The equation is inferred from how we obtain the scoring matrix: $$ S_{ij} = \log \frac{q_{ij}}{p_i p_j} $$ and we know that $\sum_{i,j} q_{ij} = 1$ where $q_{ij}$ is the observed frequency for the residue pair $i$ and $j$ in the high-scoring pairs (HSPs) for computing the scoring matrix.

  • The two parameters, $\lambda$ and $K$ for gapped alignments, can be priorly computed from simulation.

Relative entropy

The relative entropy ($H$) of a scoring matrix can conveniently capture the general behavior of the matrix. $H$ is the average number of bits (or nats) per position in an alignment: $$ H = - \sum_{i=1}^{20} q_{ij} \lambda S_{ij} $$

Sequence length correction

In BLAST, we shoud use the effective length other than the raw length, since extension can not be conducted at either end of the sequences. Karlin-Altschul statistics provides a way to calculate just how long a sequence must be before it can produce an alignment with a significant Expect. This minimum length, l, is usually referred to as the expected HSP length: $$ l = \ln(Kmn) / H $$ and then the effective length for the query: $$ m' = m - l $$ and the database: $$ n' = n - l * \text{number of sequences in the database} $$

Sequence composition correction

Since both the BLOSUM and PAM matrices are inferred from a set of empirical sequences, which may have very different amino-acid composition with the query and the database under investigation. Thus the scoring matrix shoulld be corrected for the composition of the sequences.

Bit score

The bit score, or the normalized raw score, $S'$, can be computed as: $$ S' = \frac{\lambda S - \ln K}{\ln 2} $$ Thus: $$ E = mn2^{-S'} $$

Example

Comparing a protein sequence of length 250 residues to a database containing 1e9 residues, how many local alignments with normalized score $\ge$ 35 bits can one expect to find by chance?
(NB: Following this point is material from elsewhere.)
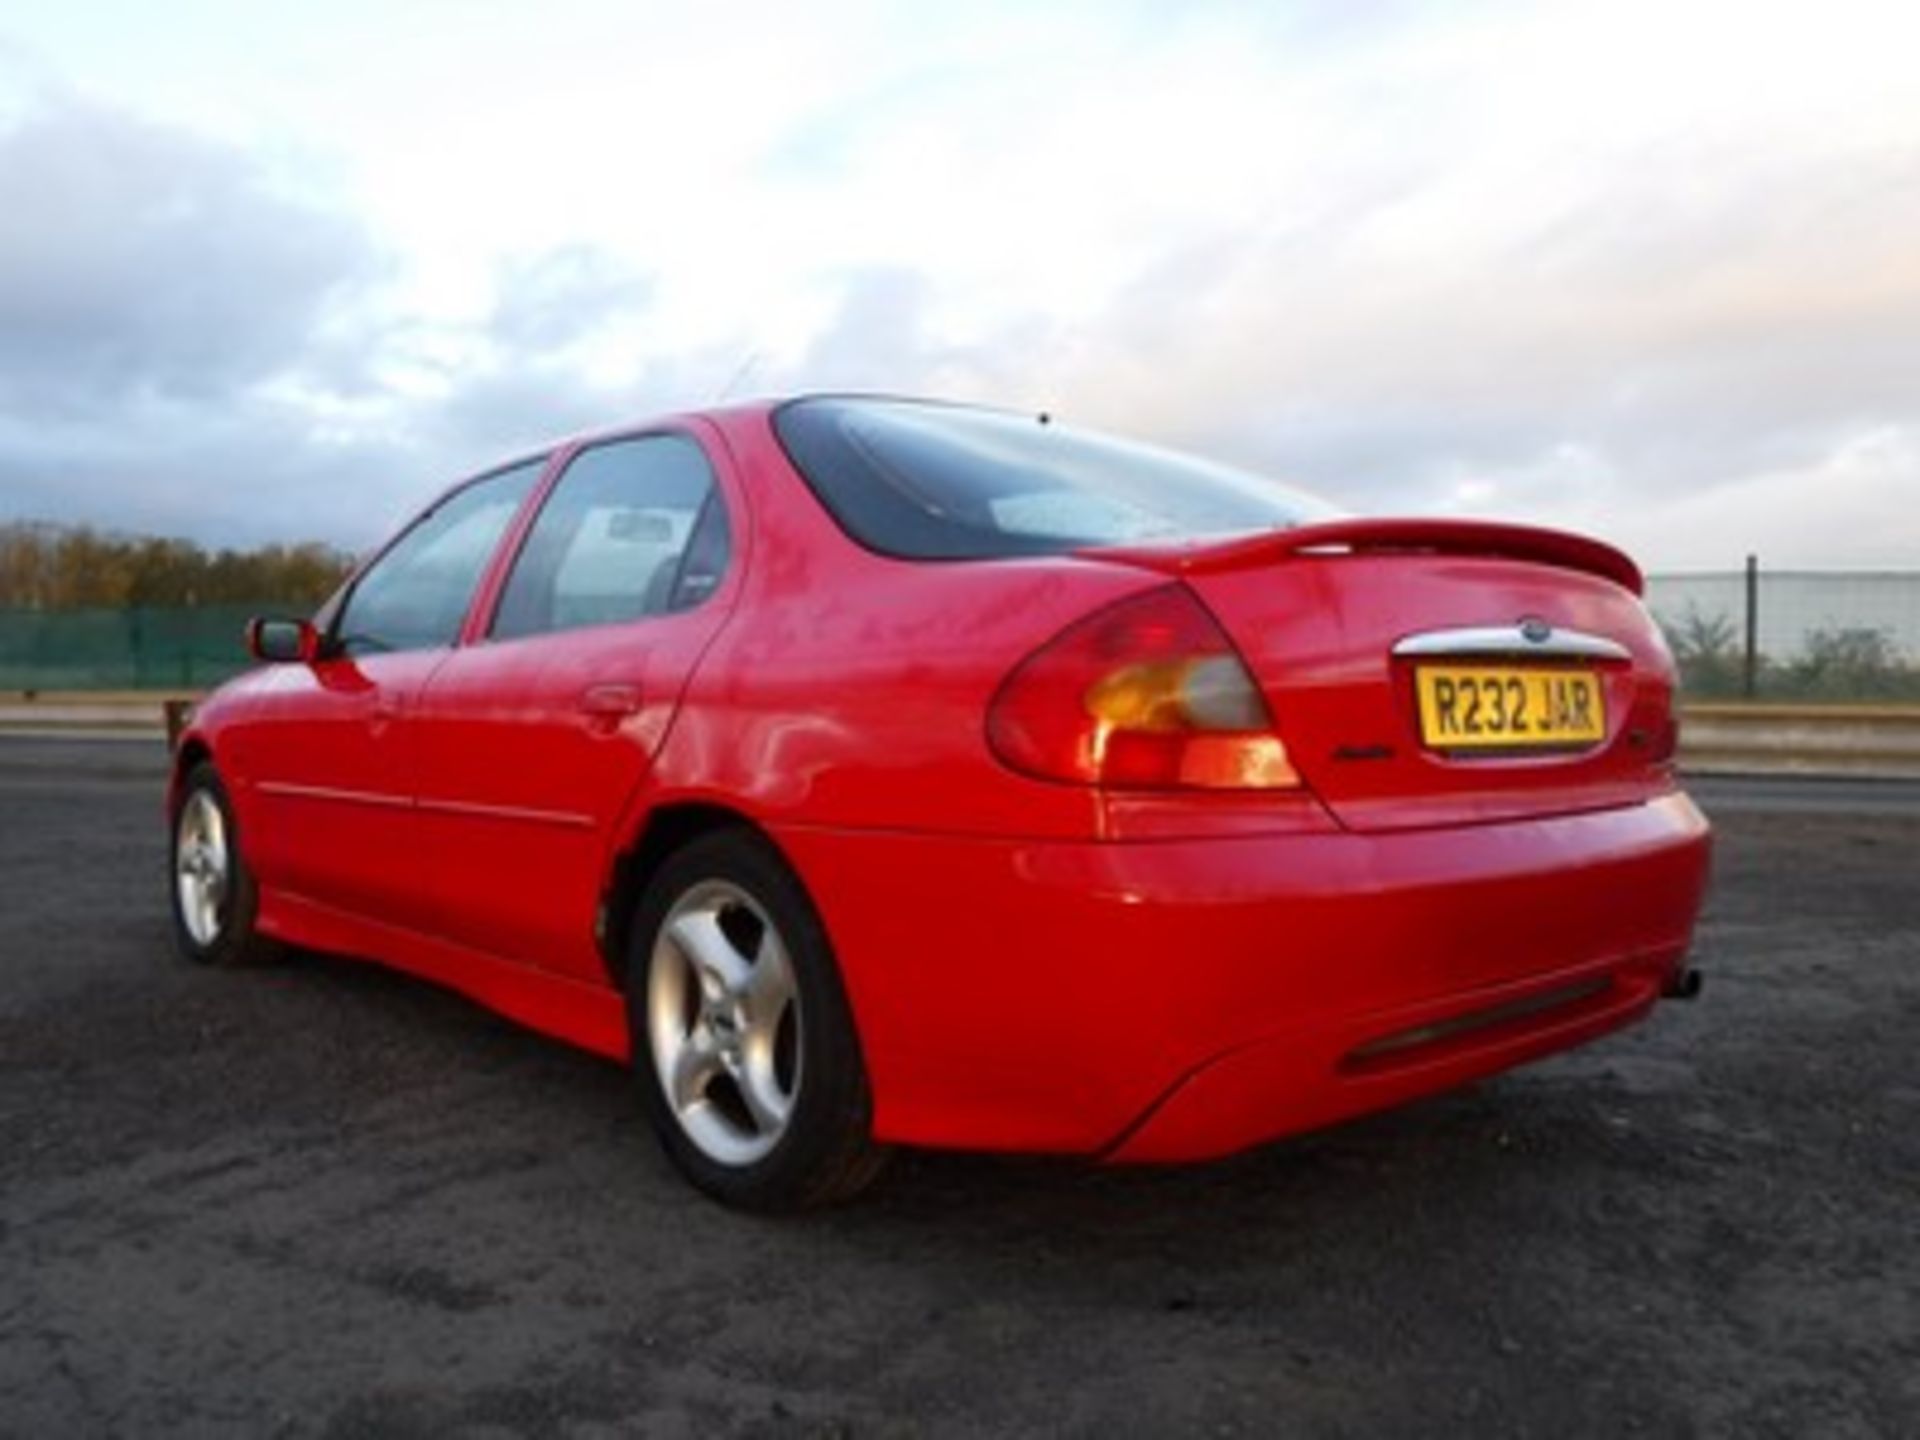 FORD MONDEO ST 24 V6 - 2497cc - Image 5 of 12

The search space size is approximately $2^8 \times 2^{30} = 2^{38}$, so $E \approx 2^{38}/2^{35} = 2^3 = 8$. And the number of alignments with score $\ge 45$ bits one can expect to find by chance is $E = 2^{38}/2^{45} = 2^{-7} = 0.008$.

$p$-value

The probability of finding at least one such HSP with raw score $S$ by chance, $p$-value can be computed using: $$ p = K e^{-\lambda S} = 2^{-S'} $$ Therefore: $$ E = mn p $$

Scoring system

Subsitution matrix

  • For nucleotide sequences,
  • For amino acid sequences,

PAM (Point-accepted mutations)

  • Inferred from global alignment by taking all the mutations in the sequences;
  • Based on evolution theory.
  • All the other PAM are extrapolated from PAM1 using the assumed Markov chain.
How to compute PAM1
  • Compute $p_i$ all every amino acid, $i$;
  • Compute $p(i \to j)$ for every pair of $i$ and $j$;
  • $M_{ij} = p(i \to j)$
  • Scale $M$ such that $\sum_i p_i (1 - M_{ii}) = 0.01$
  • $S_{ij} = \text{round}(10\log_{10} \frac{M_{ij}}{p_j})$
  • $PAMn = PAM1^n$

BLOSUM (BLOcks SUbstitution Matrix)

  • Based on comparisons of Blocks of sequences derived from the Blocks database
  • The Blocks database contains multiply aligned ungapped segments corresponding to the most highly conserved regions of proteins (local alignment)
  • BLOSUM matrices are derived from blocks whose alignment corresponds to the BLOSUM-matrix number (e.g. BLOSUM 62 is derived from Blocks containing >62% identity in ungapped sequence alignment)
  • BLOSUM 62 is the default matrix for the standard protein BLAST program
How to compute BLOSUM
  • Compute the background $p_i$ for each $i$;
  • Compute the probability $q_{ij}$ of each pair $i$ and $j$;
  • Compute the expected probability for each pair of $i$ and $j$: $p_{ii} = p_i^2$ and $p_{ij} = 2p_i p_j (i \neq j)$
  • $S_{ij} = \log_2 \frac{q_{ij}}{p_{ij}}/\lambda$

Gap penalties

  • Linear gap penalty: The penalty of contiguous gaps can be computed using $\ell \times \rho$, where $\ell$ is the length of the gap.
  • Affine gap penalty: The penalty of contiguous gaps can be computed using $\rho + \ell \times \phi$ where $\rho$ is the gap-open penalty and $\phi$ is the gap-extension penalty.

Q&A

  1. Why do we use the effective length instead of the raw length for the database size, $n$?
  2. What is the difference between raw score, $S$, and bit score, $S'$?
  3. How to interpret the $E$-value and $P$-value, as well as their relationship?
  4. Can we compare the BLAST $E$-values of a same query against different databases?
  5. Are the $E$-values comparable for the same query and database, but with different scoring systems?
  6. How can I obtain the Karlin-Altschul parameters $K$ and $\lambda$ for any arbitrary scoring system?
  • Answer: src/algo/blast/core/blast_stat.c
    • Compute $\lambda$
static double NlmKarlinLambdaNR(double* probs, Int4 d, Int4 low, Int4 high, double lambda0,
                  double tolx, Int4 itmax, Int4 maxNewton, Int4 * itn );
double Blast_KarlinLambdaNR(Blast_ScoreFreq* sfp, double initialLambdaGuess);
  • Compute the relative entropy, $H$:
static double BlastKarlinLtoH(Blast_ScoreFreq* sfp, double lambda);
  • Compute $K$:
static double BlastKarlinLHtoK(Blast_ScoreFreq* sfp, double lambda, double H)
  1. For a protein-coding nucleotide sequence, should we use BLASTN or BLASTX with 6 different reading frames? Why?
  2. Do we have the rule-of-thumb for choosing the appropriate scoring matrix?
  3. What's the difference between identity, similarity and homology?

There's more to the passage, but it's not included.